K-Means
IBM Data Science Specialization: K-Means
Customer Segmentation with K-Means
Imagine that you have a customer dataset, and you need to apply customer segmentation on this historical data. Customer segmentation is the practice of partitioning a customer base into groups of individuals that have similar characteristics. It is a significant strategy as a business can target these specific groups of customers and effectively allocate marketing resources. For example, one group might contain customers who are high-profit and low-risk, that is, more likely to purchase products, or subscribe for a service.
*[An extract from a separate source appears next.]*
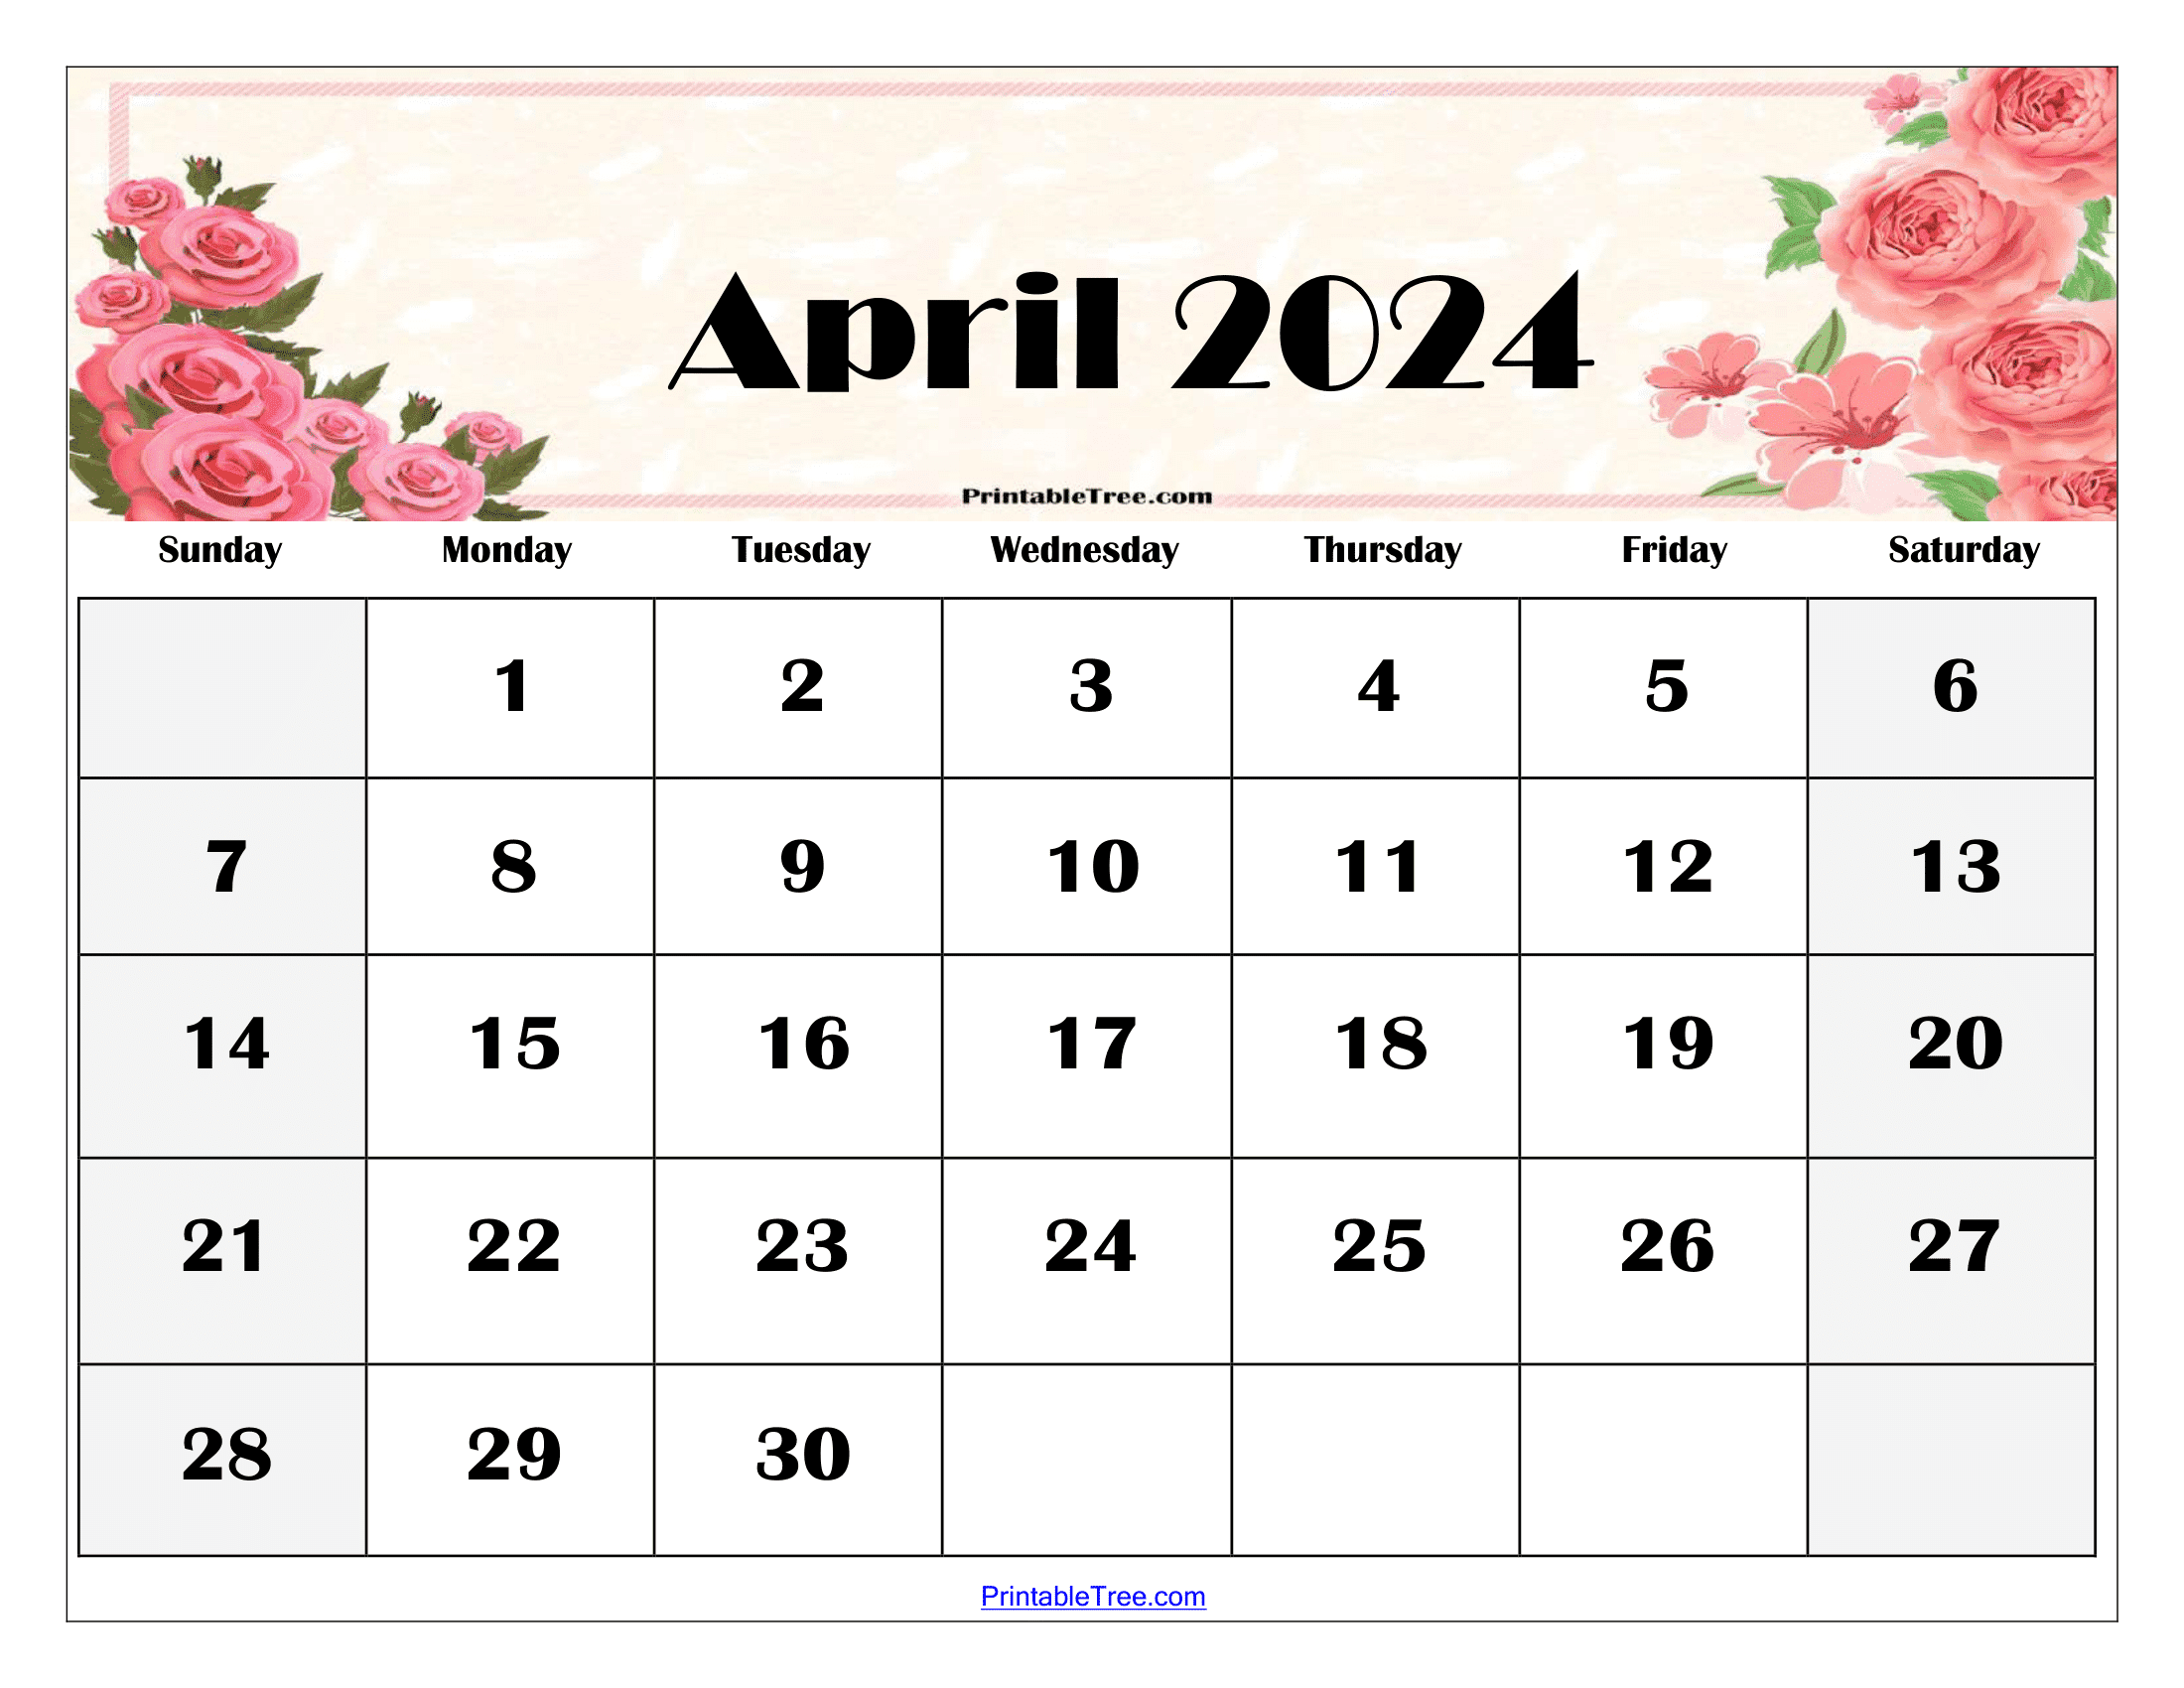 April 2024 Calendar Printable April Blank Calendar 2024 Easy To Use - Free Printable 2024 Calendar April

A business task is to retaining those customers. Another group might include customers from non-profit organizations. And so on.
from sklearn.preprocessing import StandardScaler
from sklearn.cluster import KMeans
import matplotlib.pyplot as plt
import numpy as np
import pandas as pd
df = pd.read_csv('./data/ibm/customer_segmentation.csv')
customers = df.drop('Address', axis=1)
X = customers.values[:,1:]
X = np.nan_to_num(X)
dataset = StandardScaler().fit_transform(X)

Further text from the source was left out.